# Thinking about home delivery food service?



## paratrooper (Feb 1, 2012)

You might want to think again!  I've never had any food delivered to my home. No plans to either, in the future.

https://www.yahoo.com/lifestyle/cus...ke-video-felt-really-disgusted-155638505.html


----------



## spongemonkey (Mar 4, 2019)

Oh heck no! I never have any food delivered to my home. If I am too "lazy" to go out and eat at the physical location, I will just prepare the food at my home.


----------



## paratrooper (Feb 1, 2012)

Once, my wife and I were on a road trip. We checked into a motel and called Domino's to have a pizza delivered. 
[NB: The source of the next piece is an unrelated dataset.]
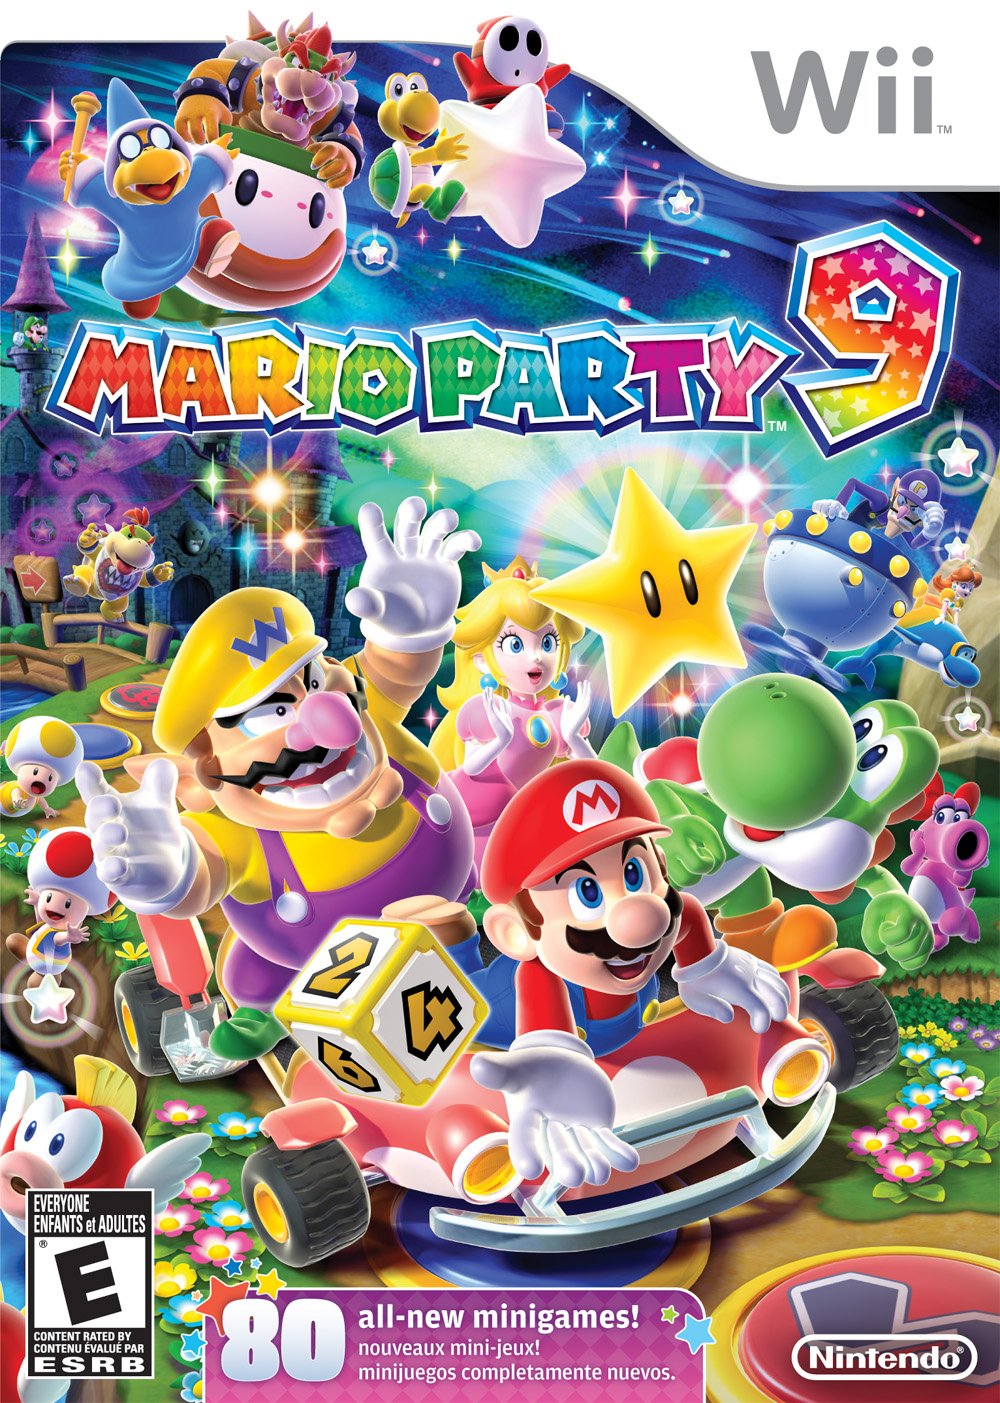 Crimineel onregelmatig Serie van Mario Party 9 - Super Mario Wiki, the Mario encyclopedia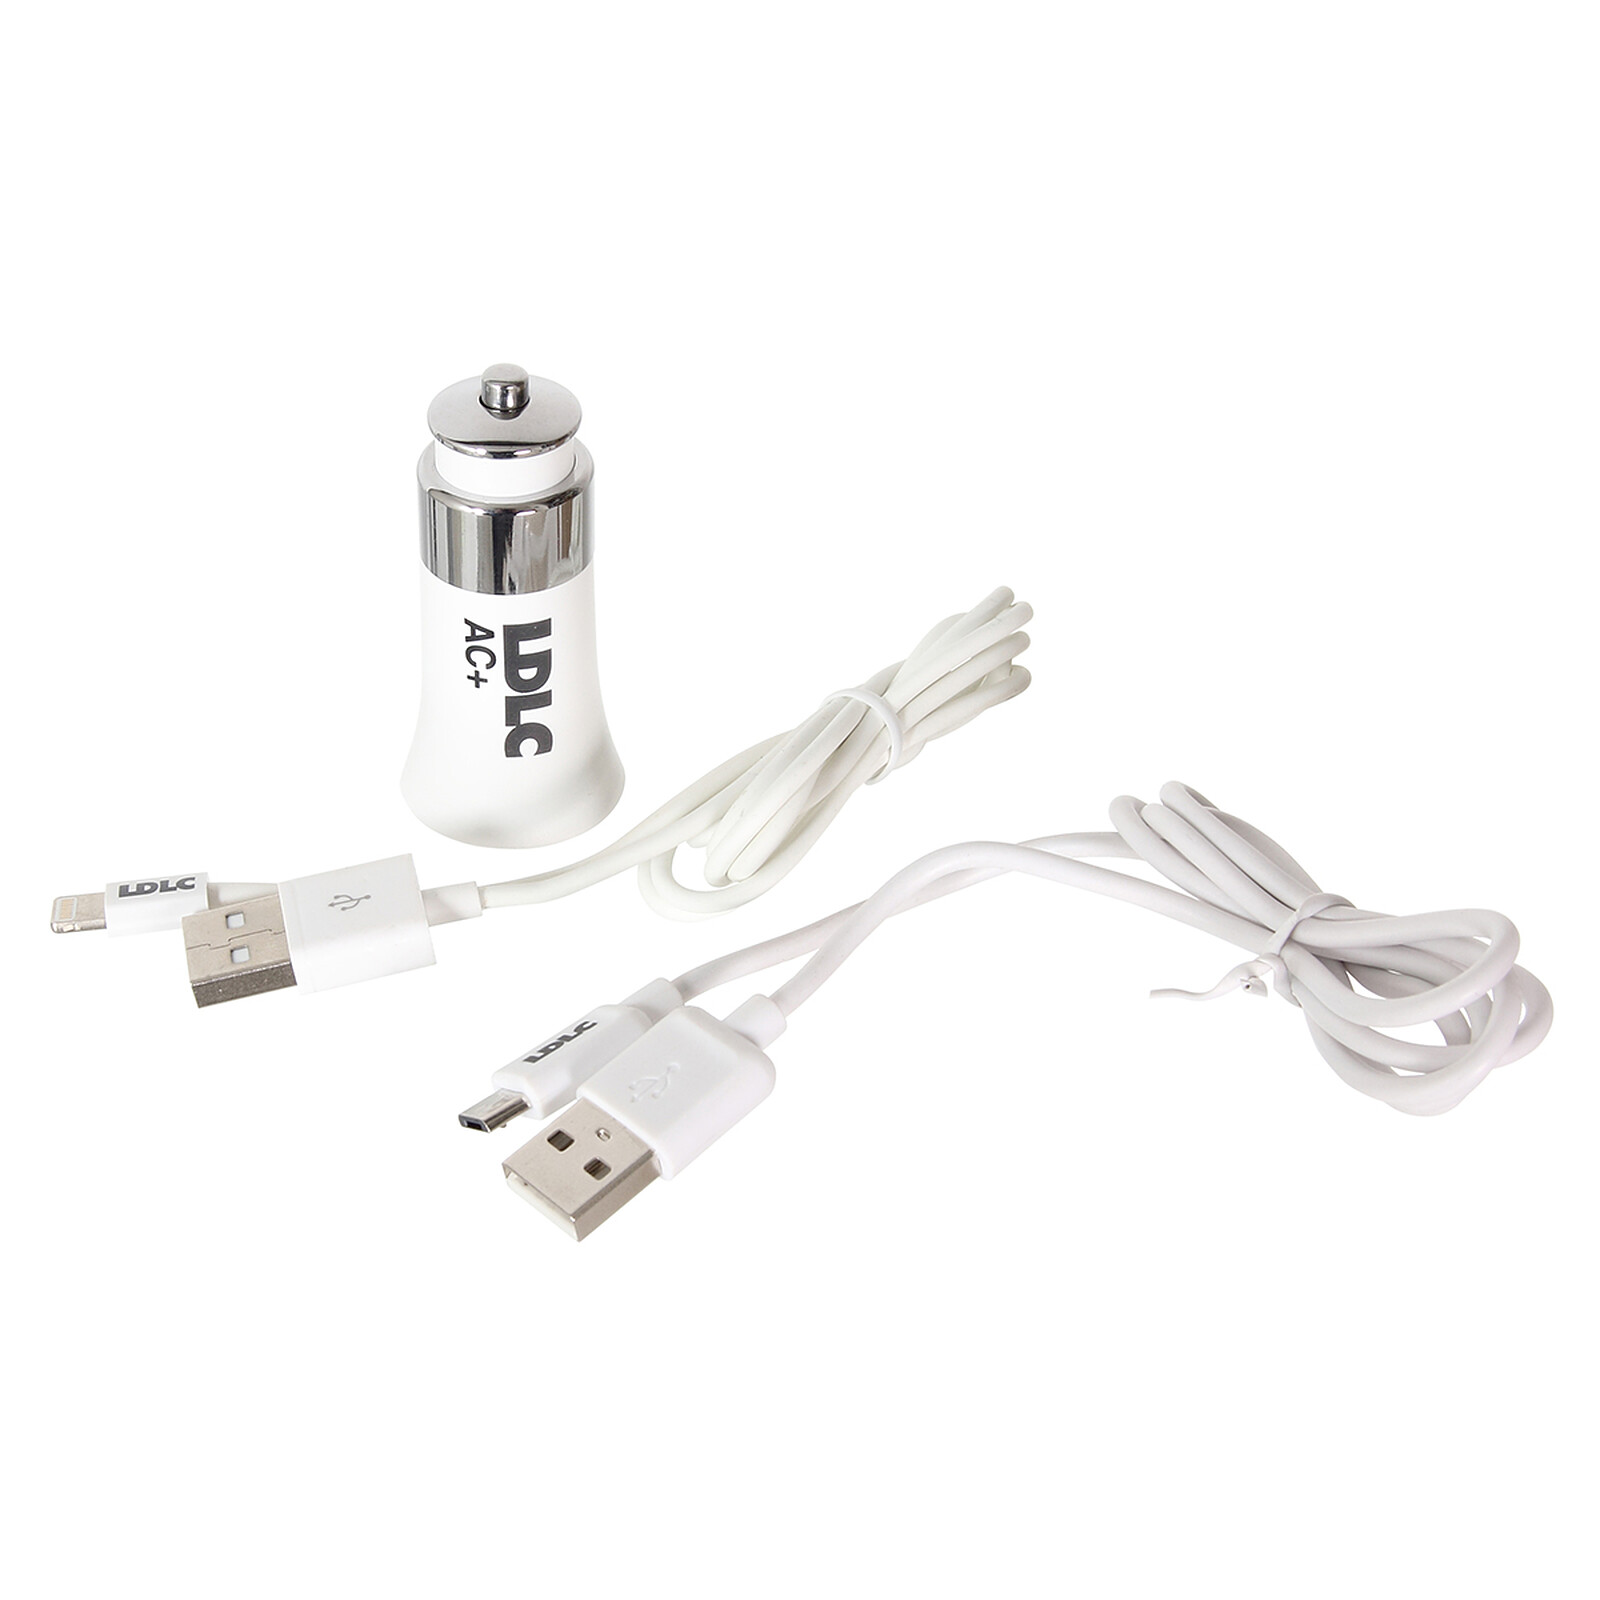 Mini cargador double USB 3.1A sur prise allume-cigare - Cargador coche -  LDLC

We were both tired and didn't feel like making the effort to go out and eat. I had forgotten that one time we had food delivered. The delivery speed was good, but the pizza was incredibly mediocre.


----------



## spongemonkey (Mar 4, 2019)

The best pizza I have eaten from fast food outlets has been from Little Ceasars. Dont know if it is true or not but, I have heard rumours in the past that one, or more, Domino's delivery drivers was known to ejaculate on the pizza before they delivered it to the customers. Regardless if true or not, I never took the chance and have never bought pizza from Domino's.


----------



## Goldwing (Nov 5, 2014)

I have done repair work at many of the local restaurants kitchens. About half of them were disgusting on a good day. I cook at home unless eating out is absolutely unavoidable.

GW


----------



## paratrooper (Feb 1, 2012)

Like it or not, we all eat out from time to time. No getting around that. For the most part, I don't stress over it. 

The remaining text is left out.